Snal Linux: Allround-Werkzeug für die Systemwartung

Aus LinuxUser 04/2023

Snal Linux: Allround-Werkzeug für die Systemwartung

© Andrii Marushchynets / 123RF.com

Flexibler Ersthelfer

Kein anderes Betriebssystem bietet so viele freie Werkzeuge zur Systemwartung und Datenrettung wie Linux. Snal Linux fasst sie in einer kompakten Live-Distribution zusammen.

Arch Linux hat sich in den letzten Jahren vom unterschätzten Mauerblümchen zum gefragten Shooting Star entwickelt. Dabei tauchen zunehmend Arch-Linux-Derivate auf, die sich stark auf bestimmte Anwendungszwecke konzentrieren. Das aus den USA stammende Snal Linux [1], ein schlankes System für 64-Bit-Hardware mit vielen Werkzeugen, verspricht Anwender bei der Systemreparatur zu unterstützen.

Die Distribution richtet sich vornehmlich an Administratoren, die häufig Defekte oder Softwareprobleme auf Desktop-Rechnern und Servern beheben müssen. Deswegen verzichtet sie auf einen großen vorinstallierten Softwarebestand und enthält nur die nötigsten Werkzeuge. Als einziges Standardprogramm bringt Snal Linux den Webbrowser Firefox mit, um den Zugriff auf Online-Dokumentationen, Support-Dienste und Cloud-Konten zu ermöglichen. Aufgrund seines Einsatzzwecks ist das System ausschließlich für die mobile Nutzung mit einem Wechseldatenträger vorgesehen. Als Oberfläche dient der Tiling-Window-Manager i3.

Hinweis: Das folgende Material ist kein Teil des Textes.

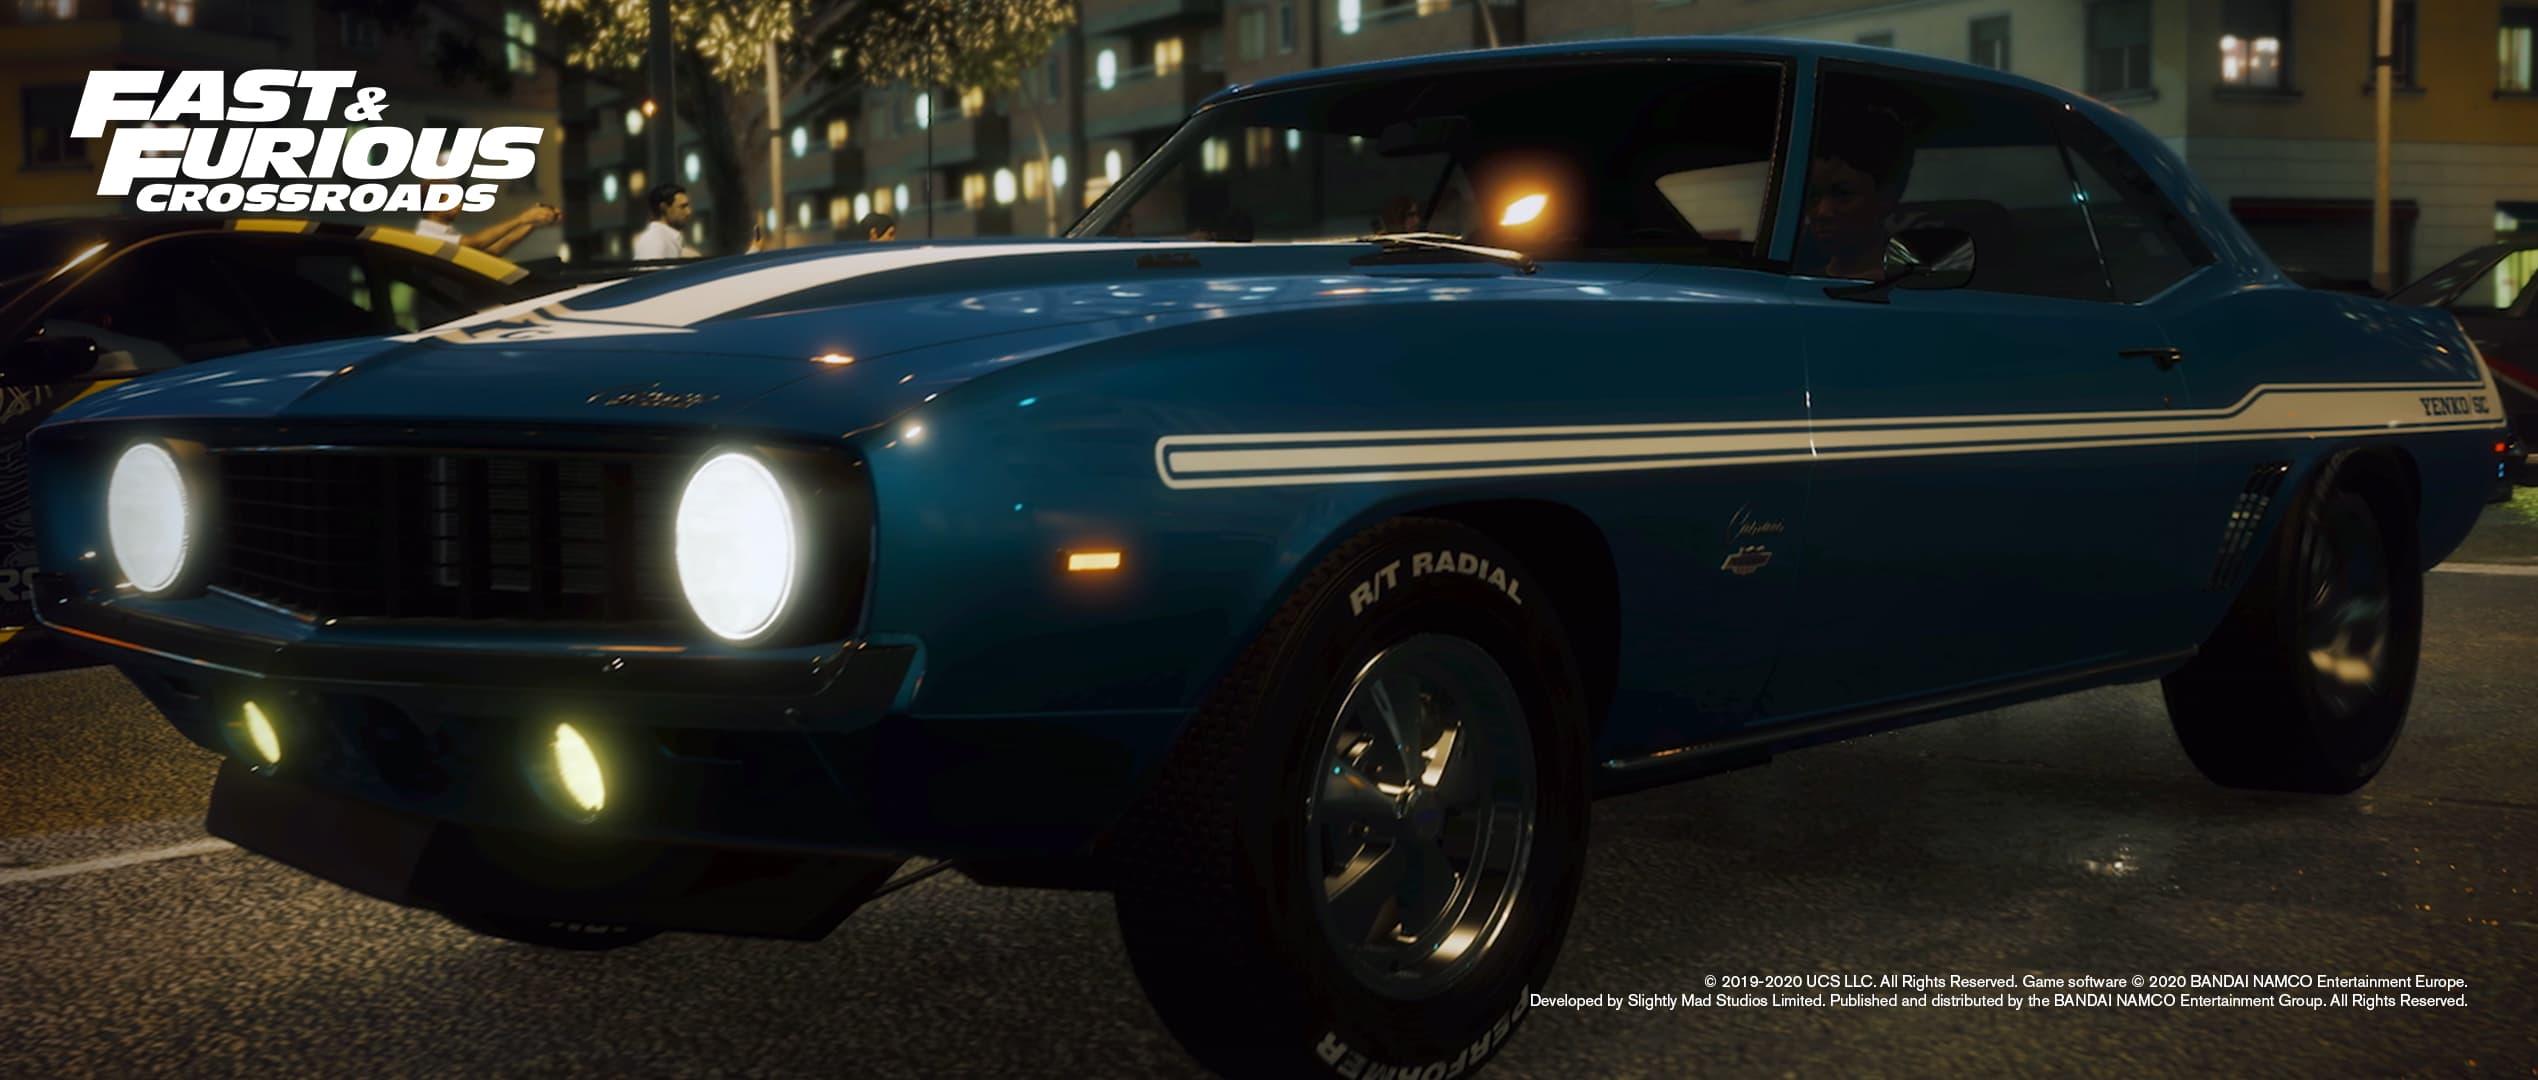 Fast & Furious: Crossroads Xbox One

Nach dem Download übertragen Sie das rund 1.5 GByte große ISO-Image per Dd oder mithilfe eines der gängigen grafischen Werkzeuge wie Balena Etcher auf einen USB-Stick oder optischen Datenträger. Vom Startmedium fährt das Arch-Linux-Derivat in ein Grub-Boot-Menü hoch, aus dem Sie es entweder vom Startmedium oder von einer Kopie im Arbeitsspeicher starten. Entscheiden Sie sich für die zweite Option, lässt sich das gesamte System nach dem Start autonom aus dem RAM ausführen. Zusätzlich steht noch eine Startoption mit einer integrierten Audioausgabe zur Verfügung.

Holperig

Anschließend öffnet Snal Linux einen Prompt, in dem Sie zunächst entscheiden, ob der X-Server starten soll. Verwenden Sie ihn, öffnet sich der Window-Manager i3. Auf der grafischen Oberfläche gibt es keinerlei Icons, stattdessen listet der Desktop lediglich einige Tastenkombinationen zum Steuern des Systems auf. In der i3-Panel-Leiste am oberen Bildschirmrand finden Sie einige Statusangaben wie die IP-Adresse, die aktuelle CPU-Last sowie Datum und Uhrzeit (Abbildung 1).

Abbildung 1: Absolut schmucklos und mit den wichtigsten Tastenkombinationen auf dem Desktop: die i3-Oberfläche von Snal.

Abbildung 1: Absolut schmucklos und mit den wichtigsten Tastenkombinationen auf dem Desktop: die i3-Oberfläche von Snal.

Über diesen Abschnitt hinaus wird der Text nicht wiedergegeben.